1. as my previous link is gone here is 2 pretty same NIH and government definitions of GoF, 2016 and 2025:

https://www.congress.gov/bill/119th-congress/senate-bill/738...

            (1) Gain-of-function research.--The term ``gain-of-function 
        research'' means any research that--
                    (A) involves the genetic alteration of an organism 
                to change or enhance the organism's biological 
                functions, which change or enhancement may include 
                increased infectivity, transmissibility, pathogenicity, 
                or host range (which is the spectrum of hosts that an 
                organism can infect); or
                    (B) may be reasonably anticipated to confer 
                attributes to an organism, such that the organism would 
                have enhanced infectivity, pathogenicity, or 
                transmissibility, or otherwise pose a threat to 
                national security, public safety, or the health of 
                humans, companion animals, or livestock, poultry, 
                seafood and aquaculture species, or game animals.

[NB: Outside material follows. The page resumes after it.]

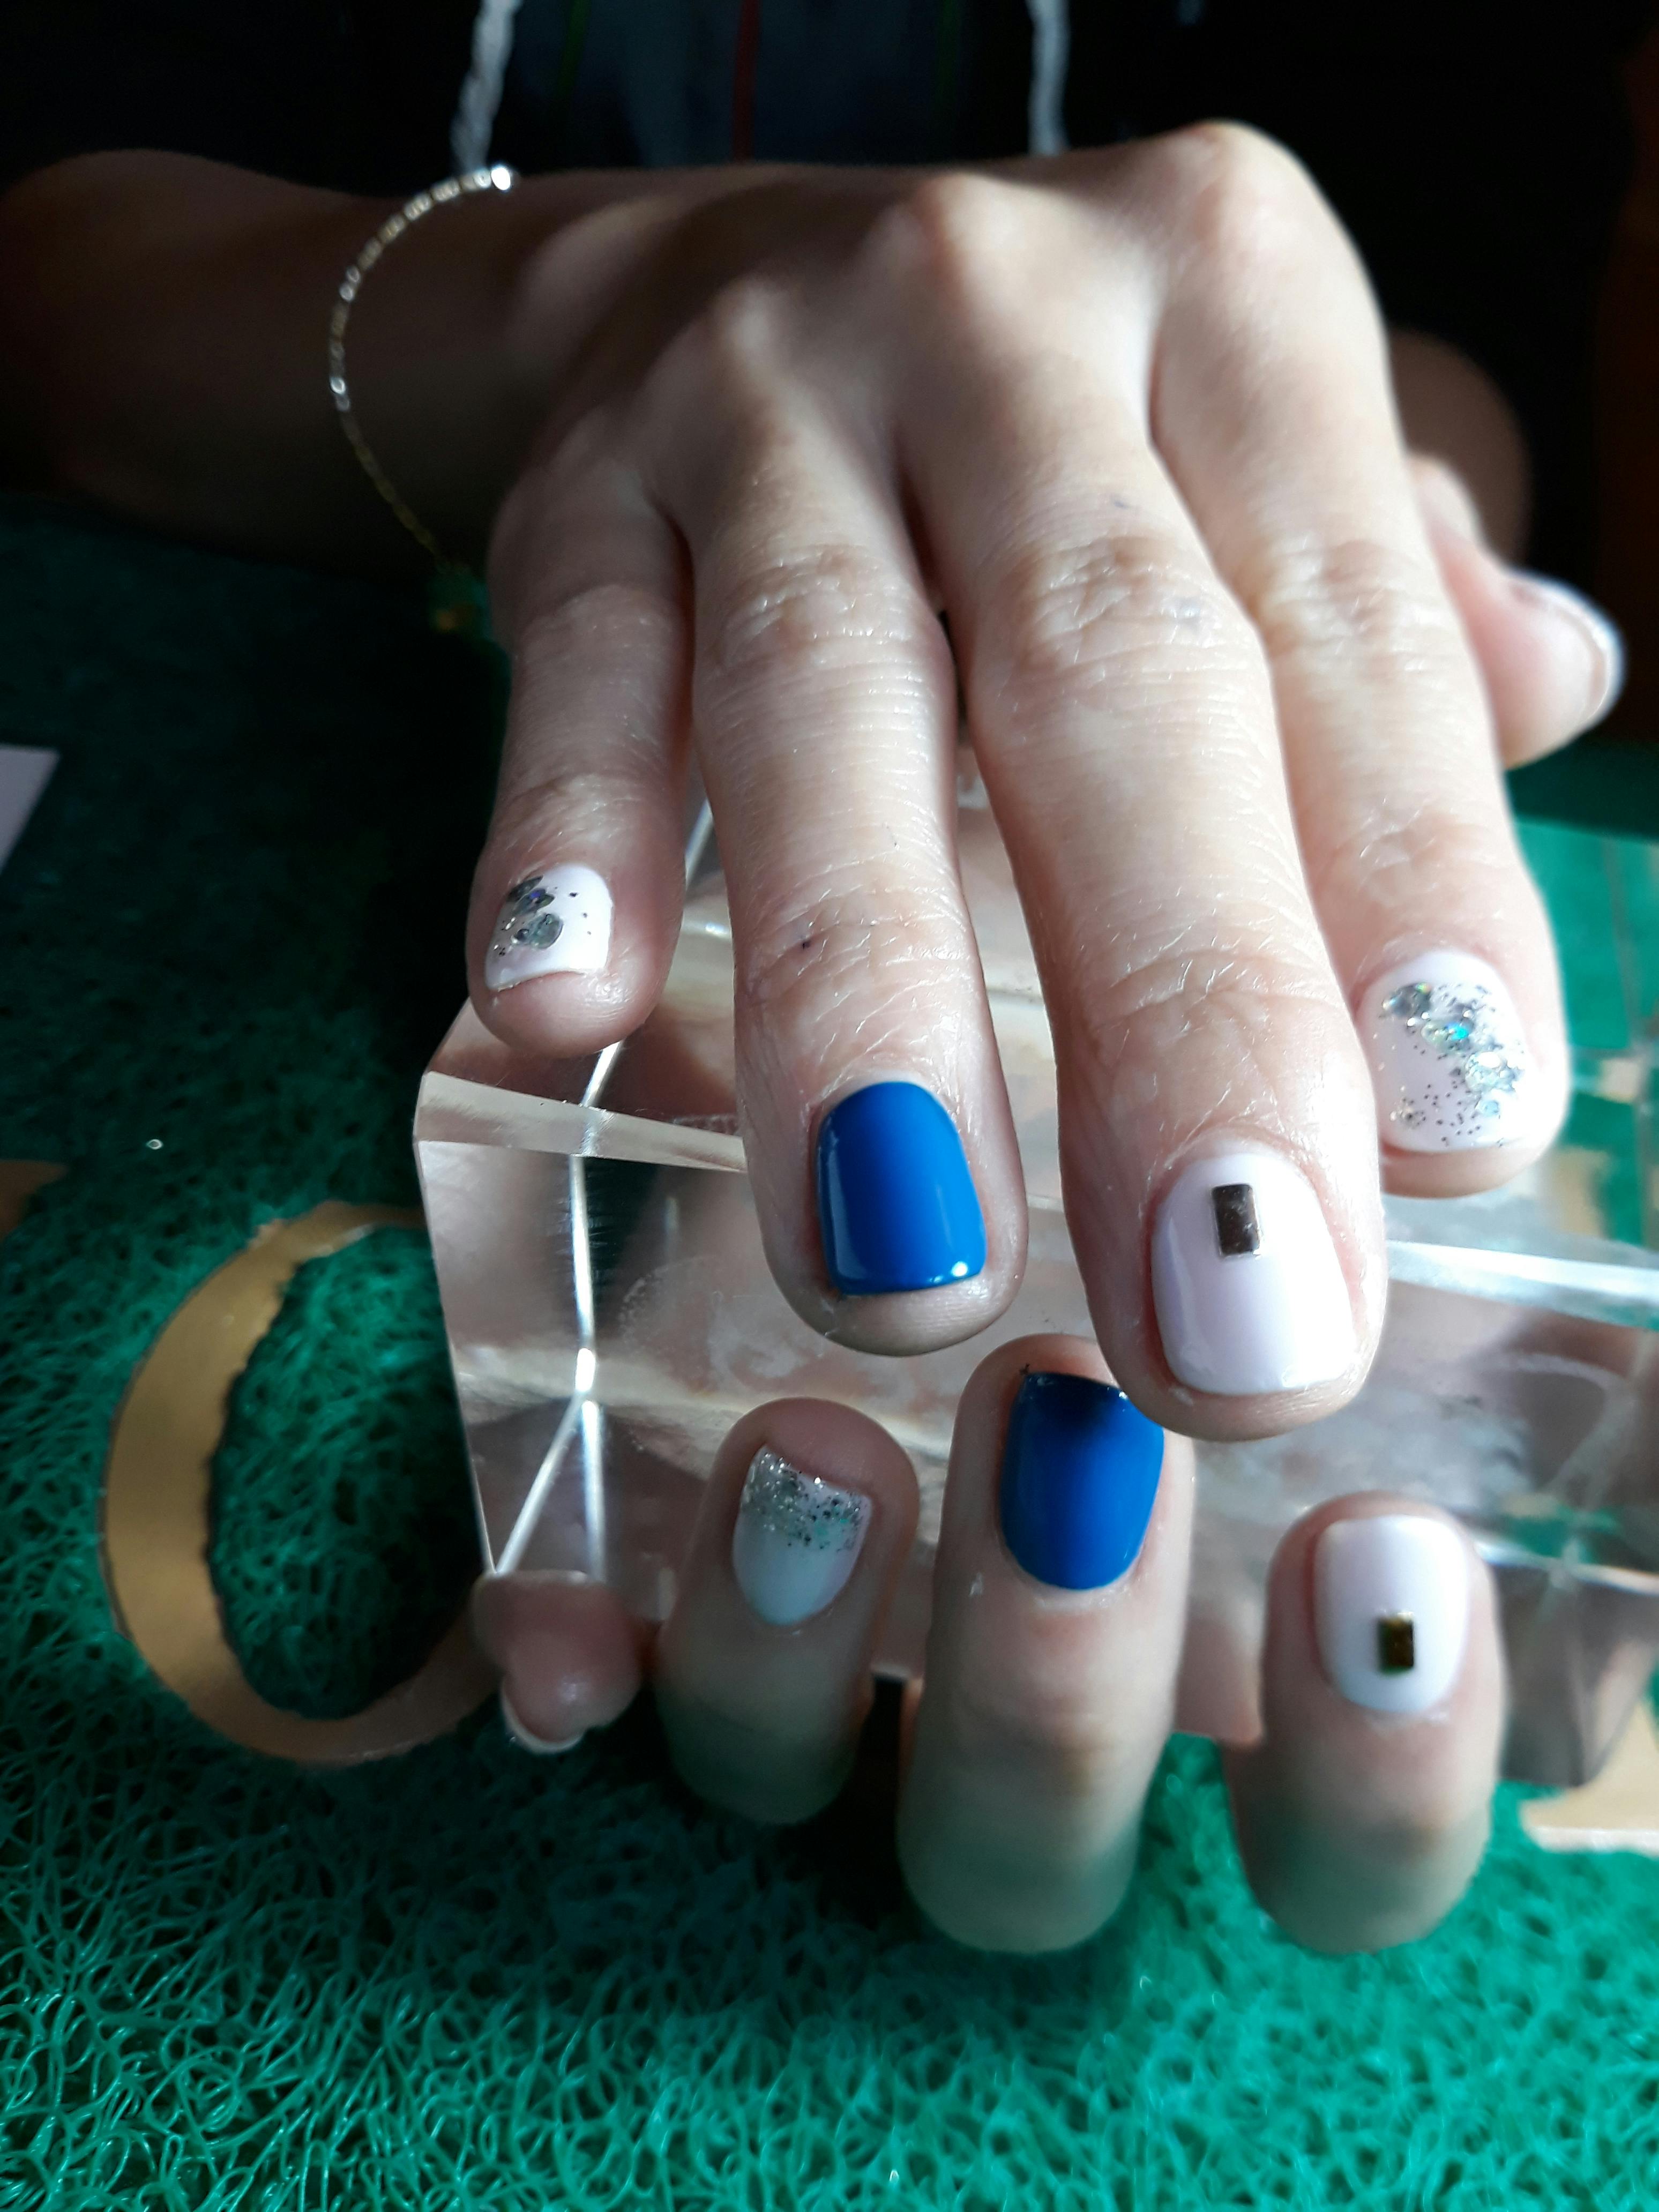 Free stock photo of nail art, Nails nail color

https://osp.od.nih.gov/wp-content/uploads/2016/09/Gain-of-Fu...

"Gain-of-function (GOF) research involves experimentation that aims or is expected to (and/or, perhaps, actually does) increase the transmissibility and/or virulence of pathogens."

Both definitions clearly cover Wuhan research - genetically implanting ACE2 binding protein on non-human coronavirus so that the resulting virus infects and kill human cells containing ACE2 receptor. Thus hard fact numero uno - Fauci lied to Congress.

2.

>Your claim was that Proximal Origins authors didn't consider the lab leak.

No. My claim is that NIH didn't perform any scientific study - which would naturally include peer reviewed publishing of results - of Wuhan created viruses vs. COVID.

What doesn't count as such a study is the lazy email chat between several dudes who were recruited by Daszak without even letting them know of the conflict of interests that he and Fauci had on the matter.

3. Fauci as a top leader at a scientific institution had the duty to maintain scientific integrity of the institution. Giving his and Daszak conflict of interests on the matter, he catastrophically failed at maintaining that scientific integrity when he didn't not send independent investigators to Wuhan instead of Daszak.

Note how synergistically the fact 3. dovetails with the fact 1. and how that provides very plausible explanation for the fact 2.